◆ TASK DESCRIPTION:
From the first line of the listing to the last, set down everything exactly, but skip the images.

◆ DATA SECTION:
——

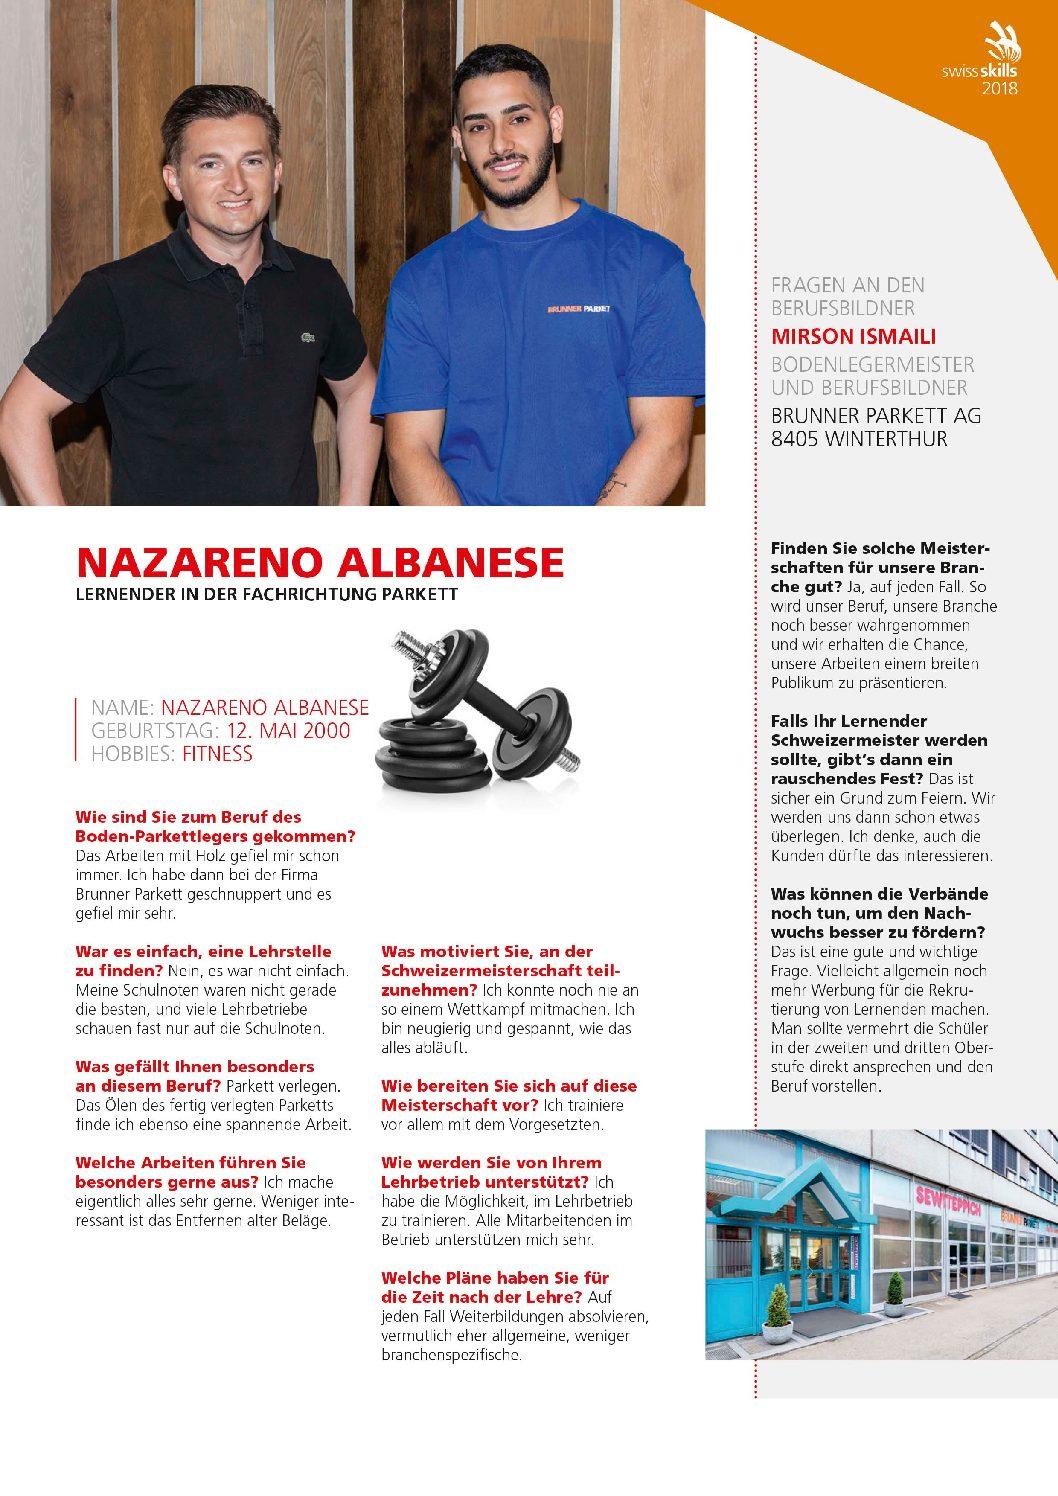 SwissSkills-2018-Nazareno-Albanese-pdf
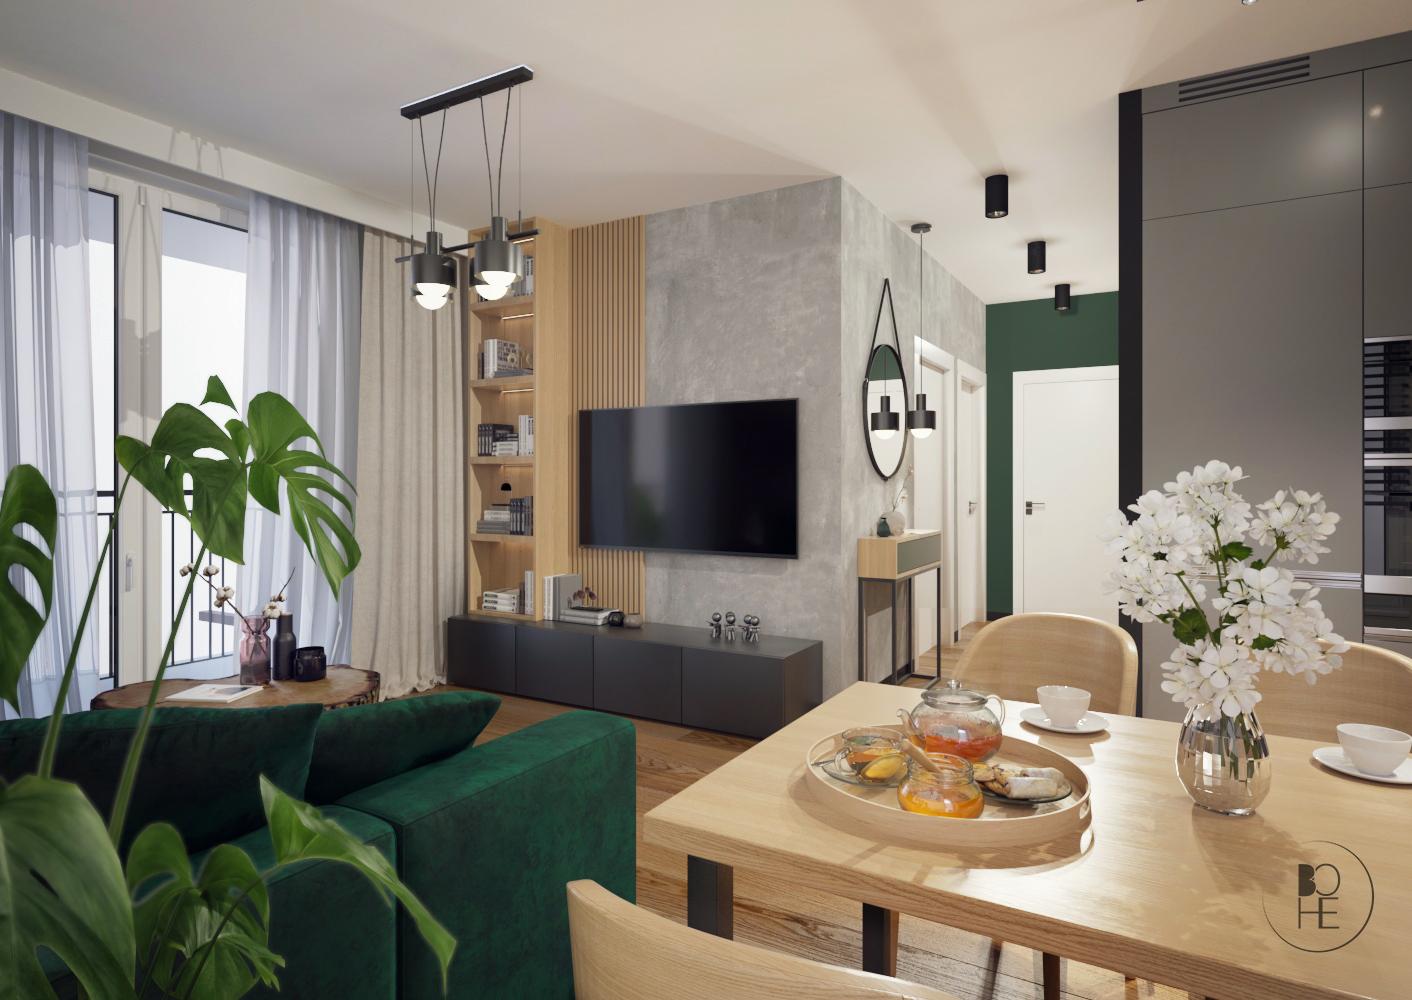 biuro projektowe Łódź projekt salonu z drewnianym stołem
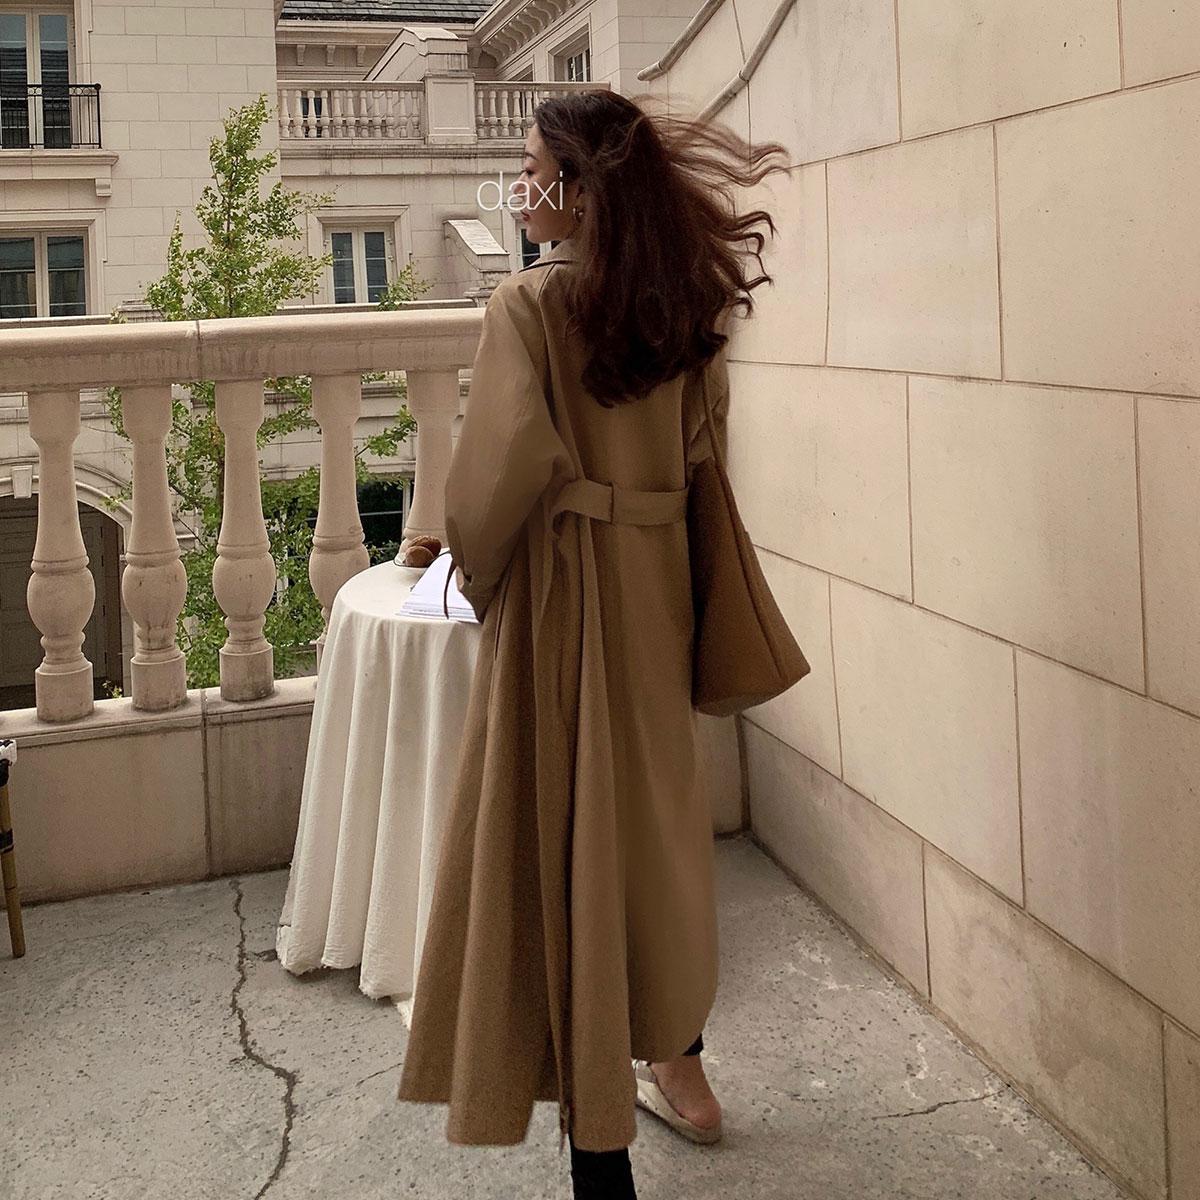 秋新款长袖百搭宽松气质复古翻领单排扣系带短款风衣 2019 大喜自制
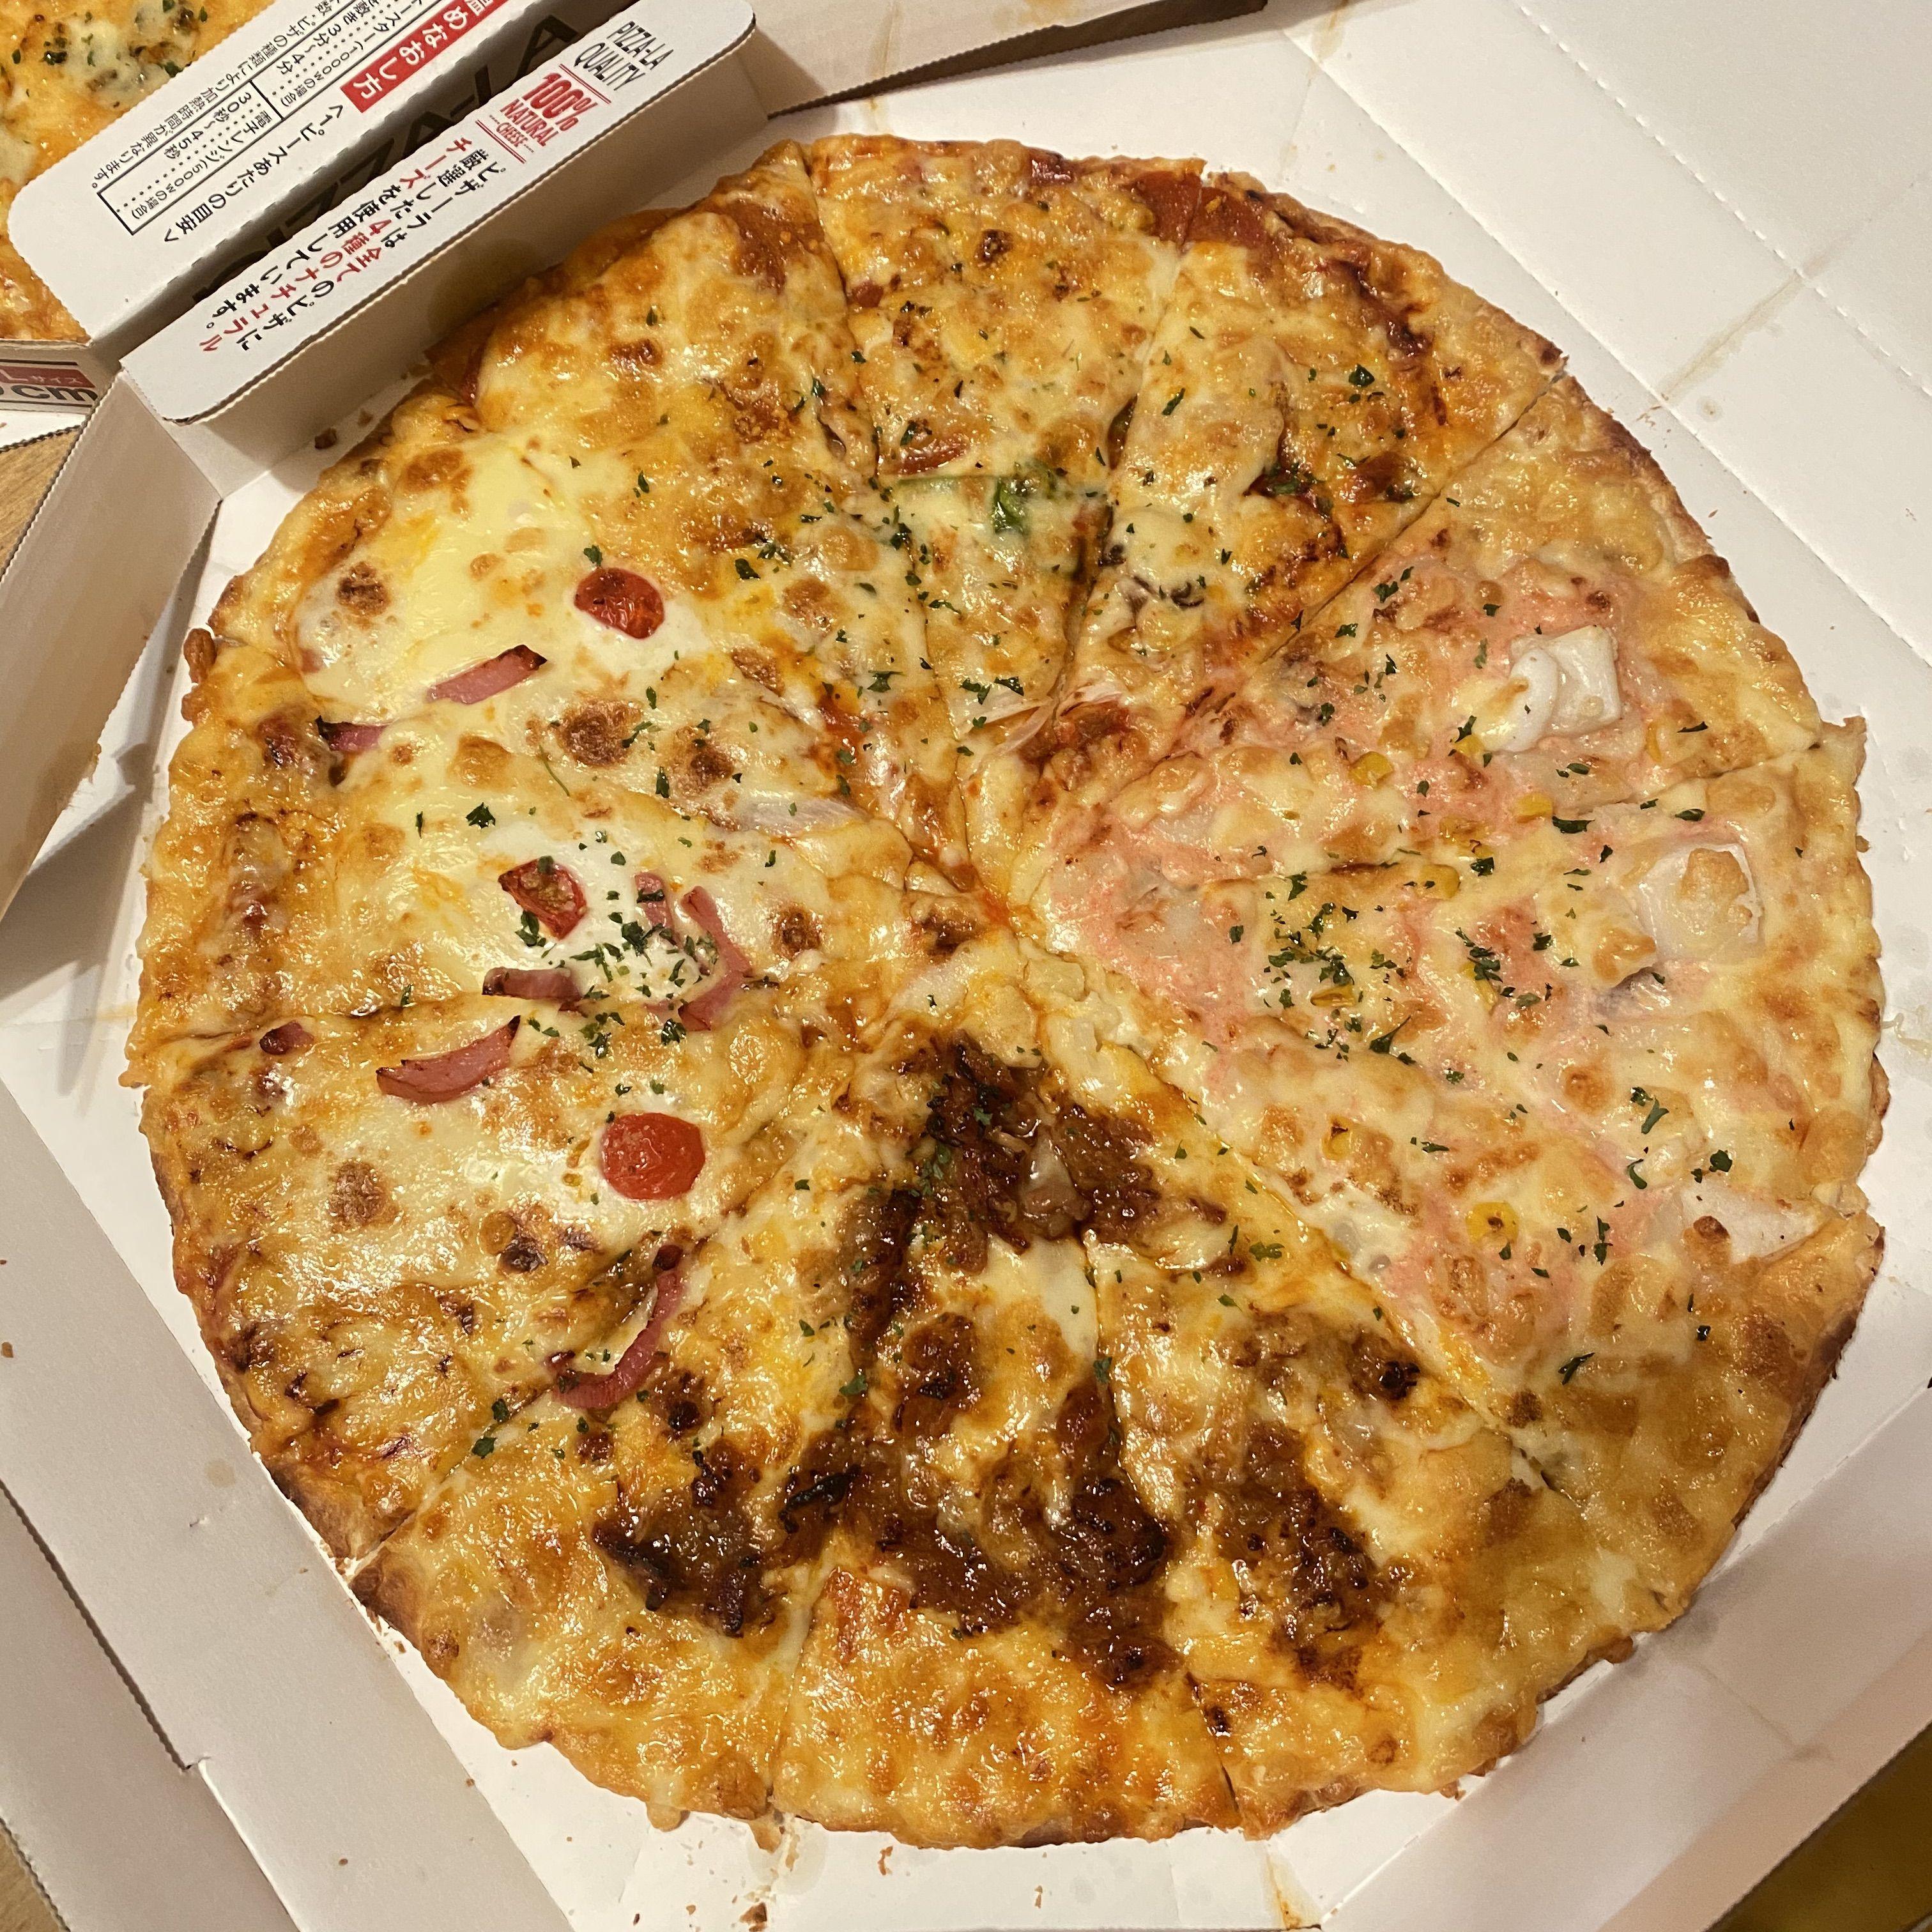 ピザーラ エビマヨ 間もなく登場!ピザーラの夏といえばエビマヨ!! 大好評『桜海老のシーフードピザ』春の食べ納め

——

◆ RESULT OF THE TASK:
 SwissSkills-2018-Nazareno-Albanese-pdf
 biuro projektowe Łódź projekt salonu z drewnianym stołem
 秋新款长袖百搭宽松气质复古翻领单排扣系带短款风衣 2019 大喜自制
 ピザーラ エビマヨ 間もなく登場!ピザーラの夏といえばエビマヨ!! 大好評『桜海老のシーフードピザ』春の食べ納め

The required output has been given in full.